• _WHAT IS BEING ASKED_
What is needed is every line from the one holding "Arkansas Storm Team" to the last line of the data below, printed exactly and without pictures.

*** Opening of INFORMATION SHOWN ***

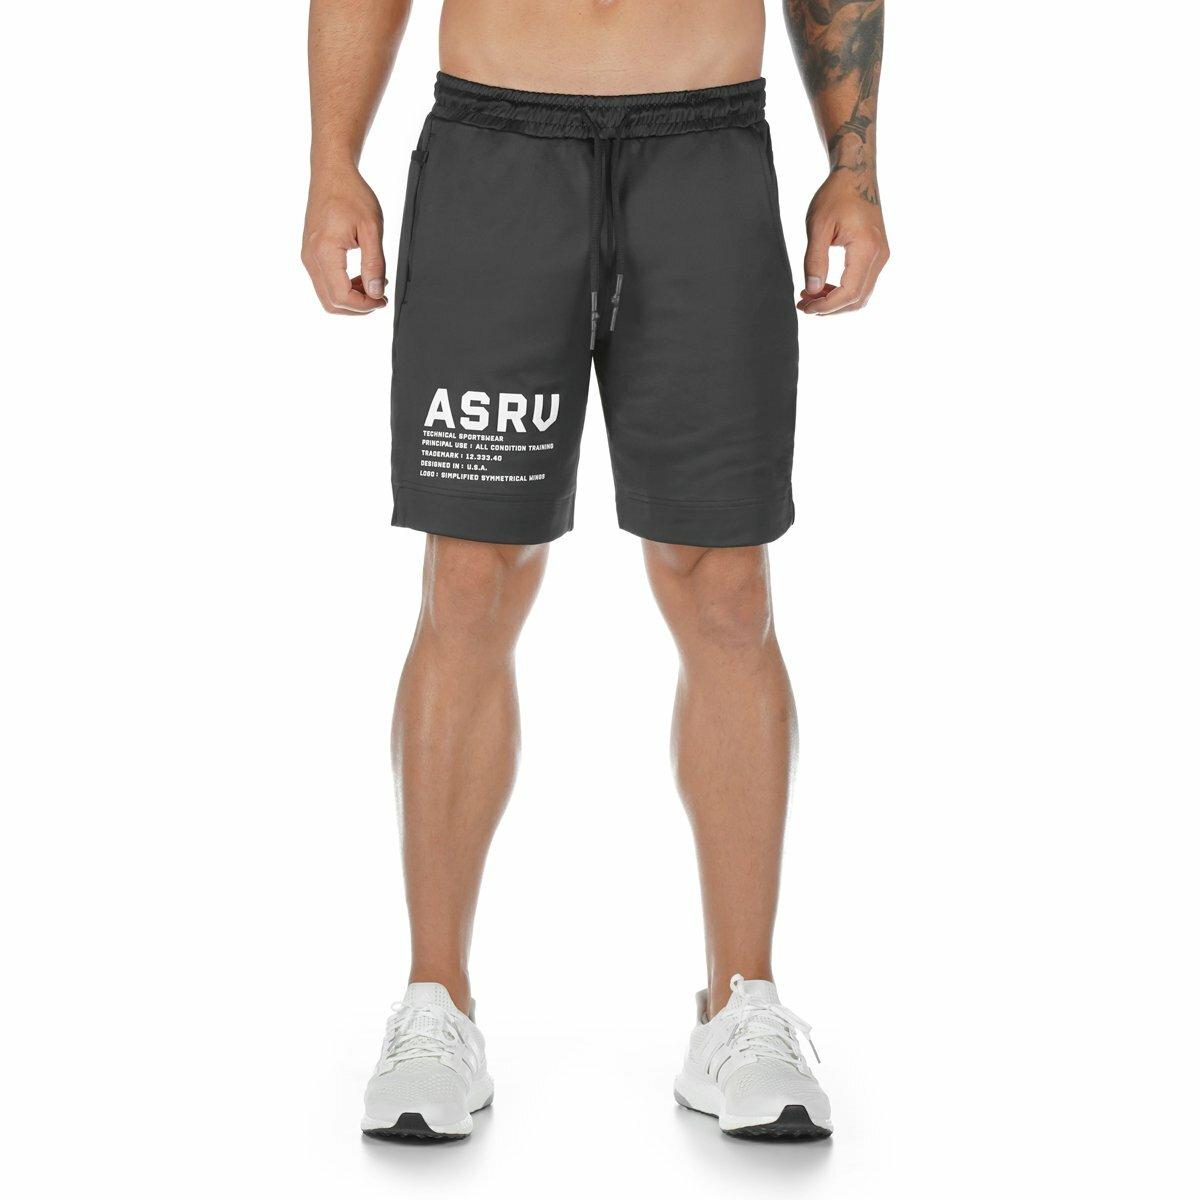 完売御礼【ASRV】SilverPlus®ユーティリティフィールドショーツ - Black
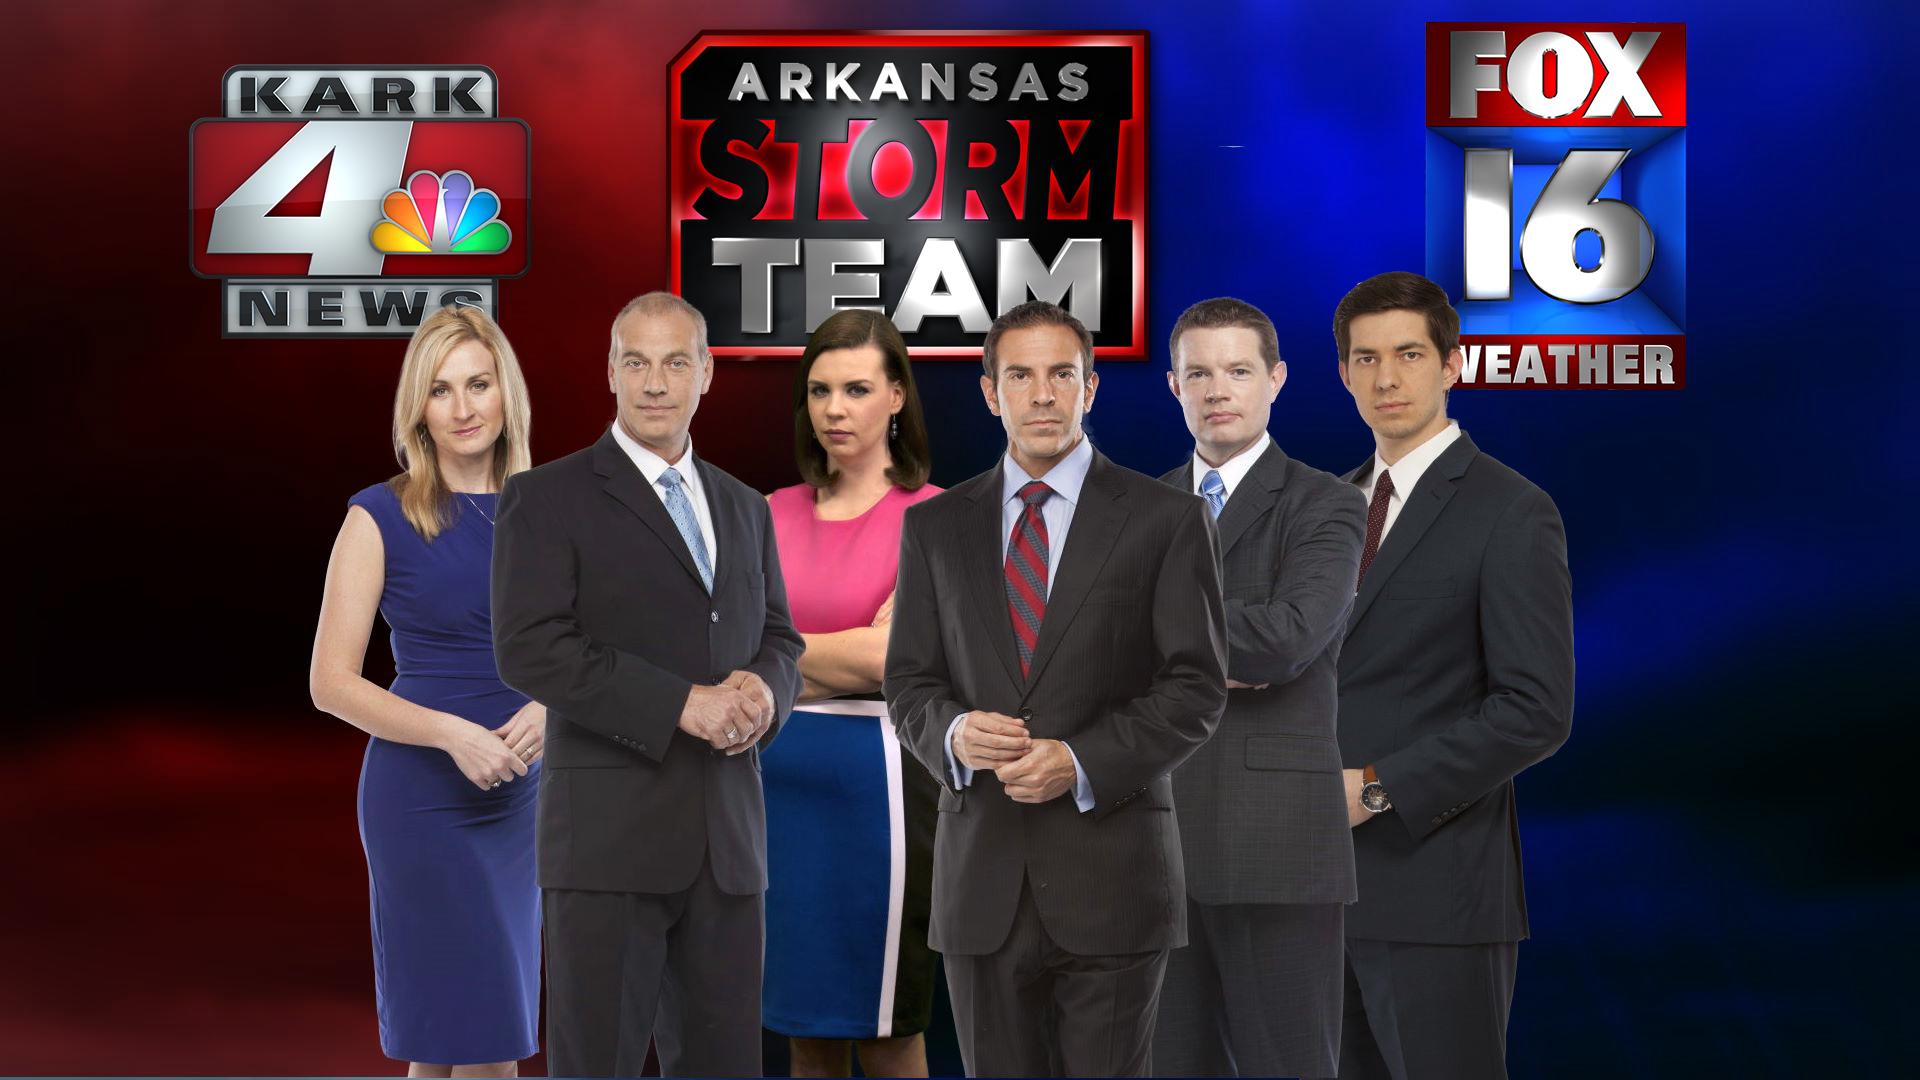 Arkansas Storm Team April 2019_1554908965730.JPG-118809306.jpg
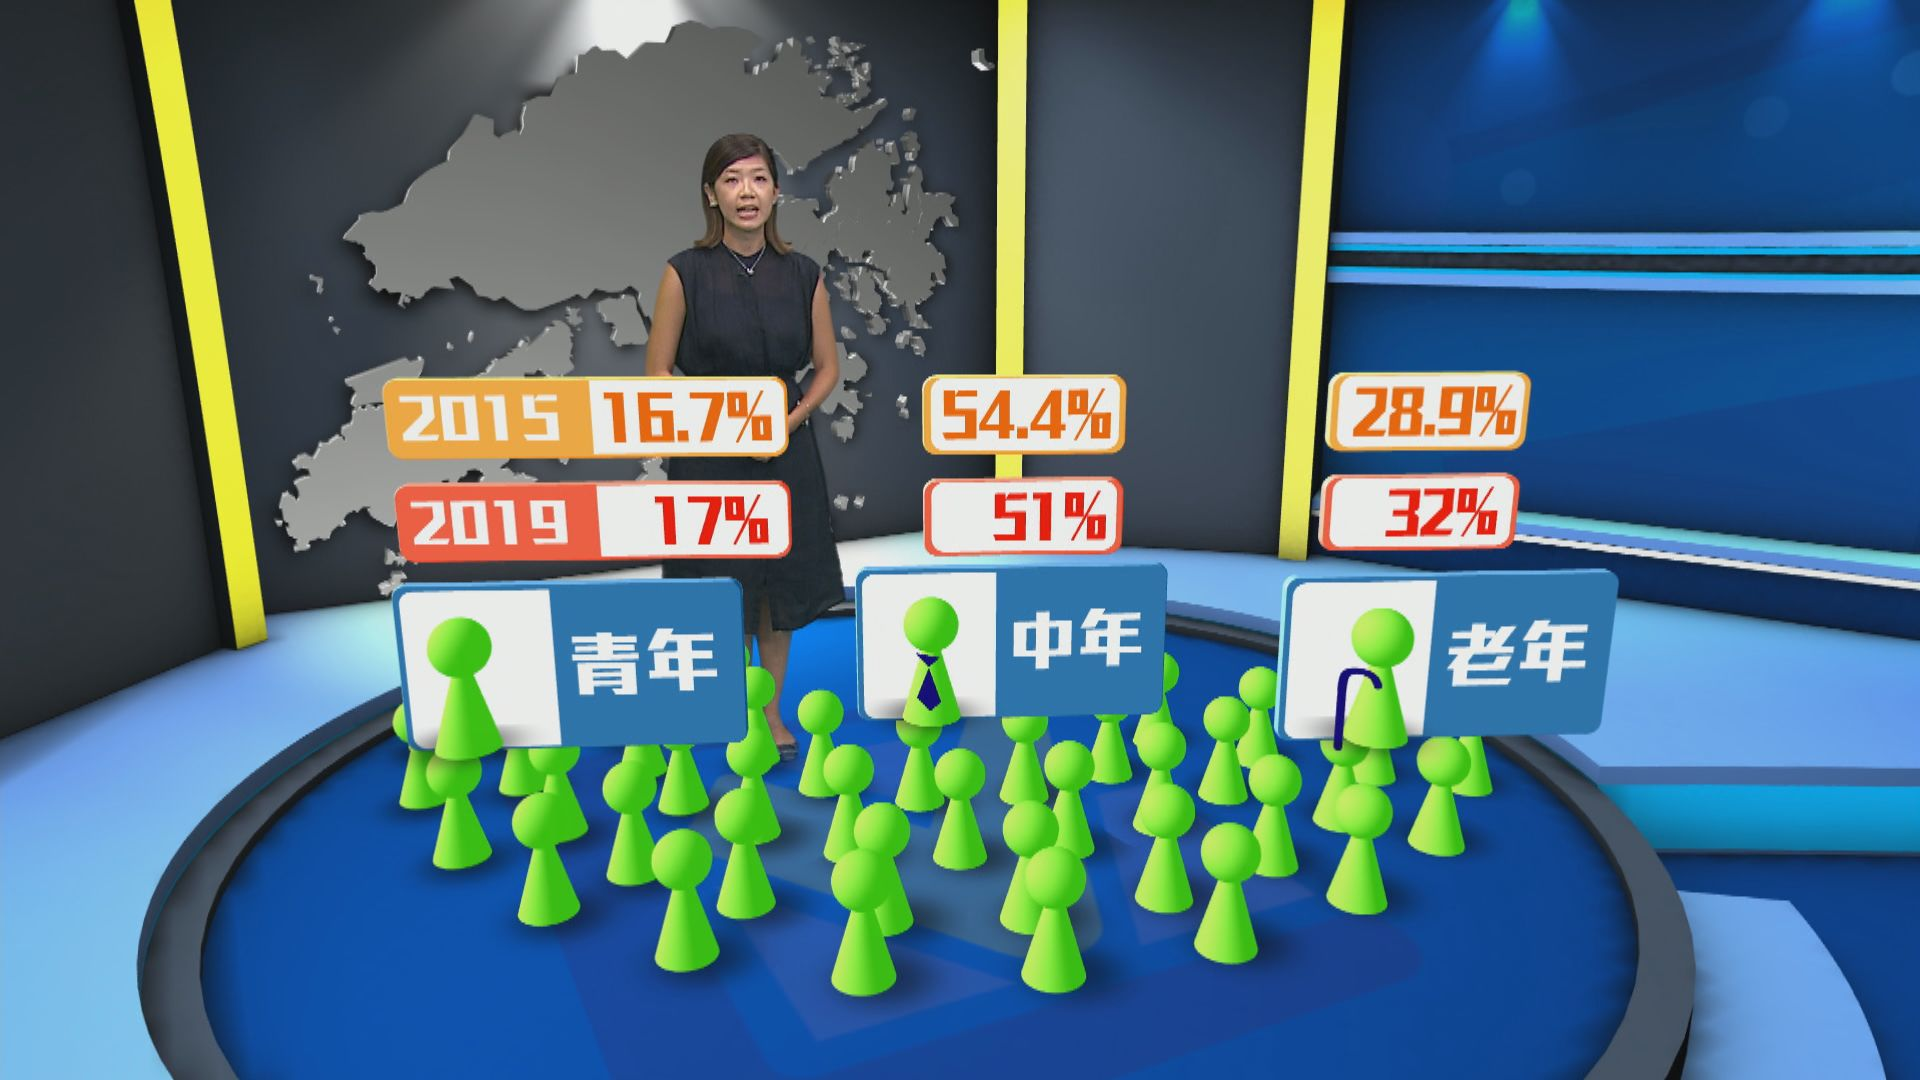 【政情號外】民生議題打不響 建制憂失守年青選區
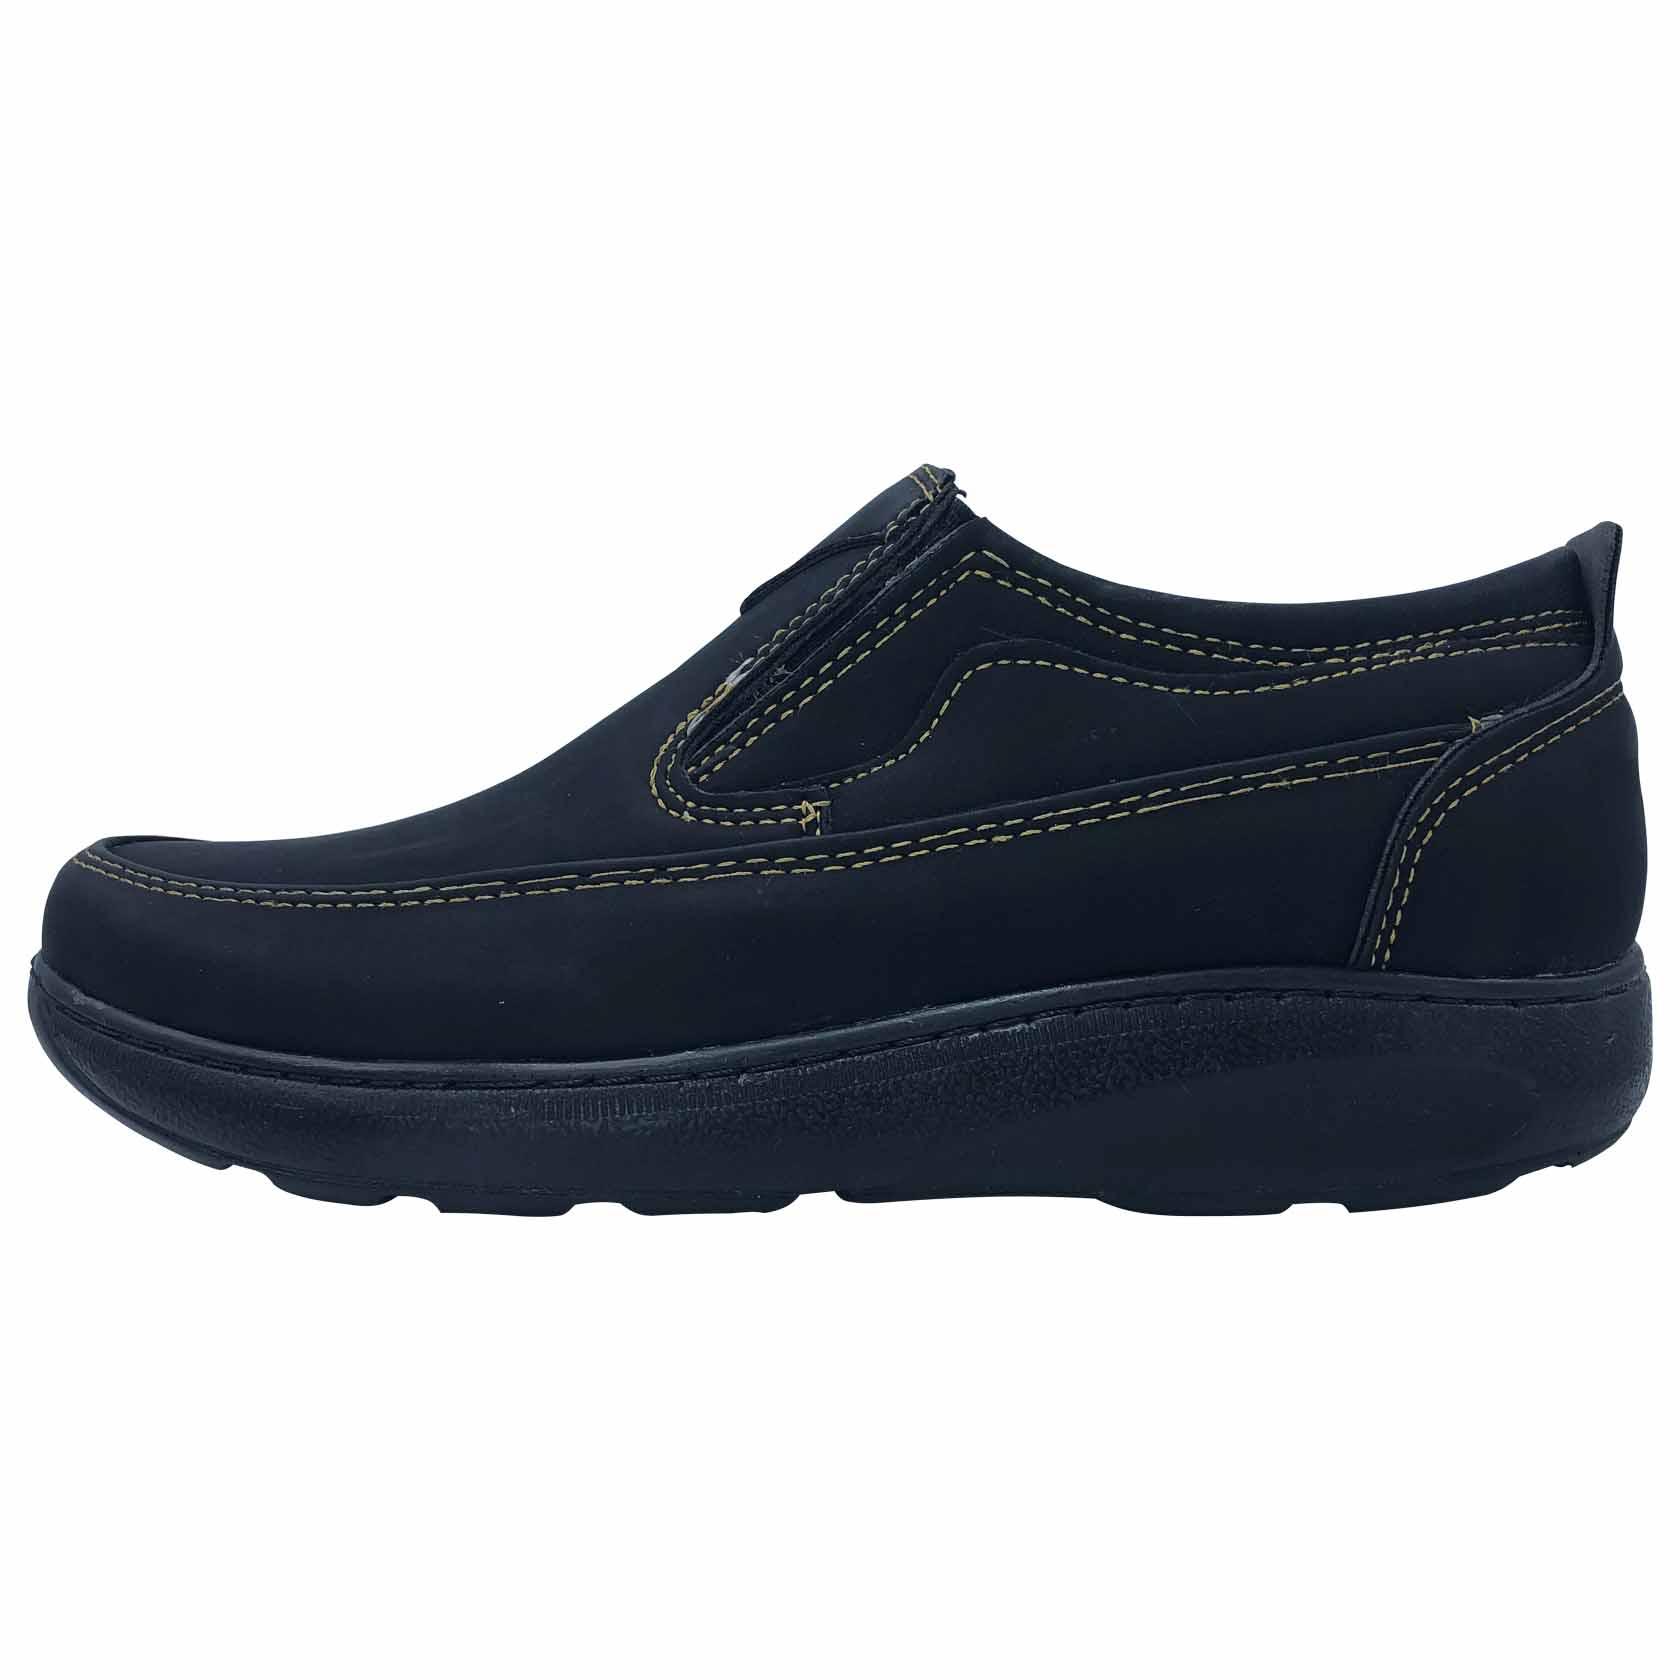 کفش روزمره مردانه کد es 212

*** Close of INFORMATION SHOWN ***

• _RESULT_
 Arkansas Storm Team April 2019_1554908965730.JPG-118809306.jpg
 【政情號外】民生議題打不響 建制憂失守年青選區
 کفش روزمره مردانه کد es 212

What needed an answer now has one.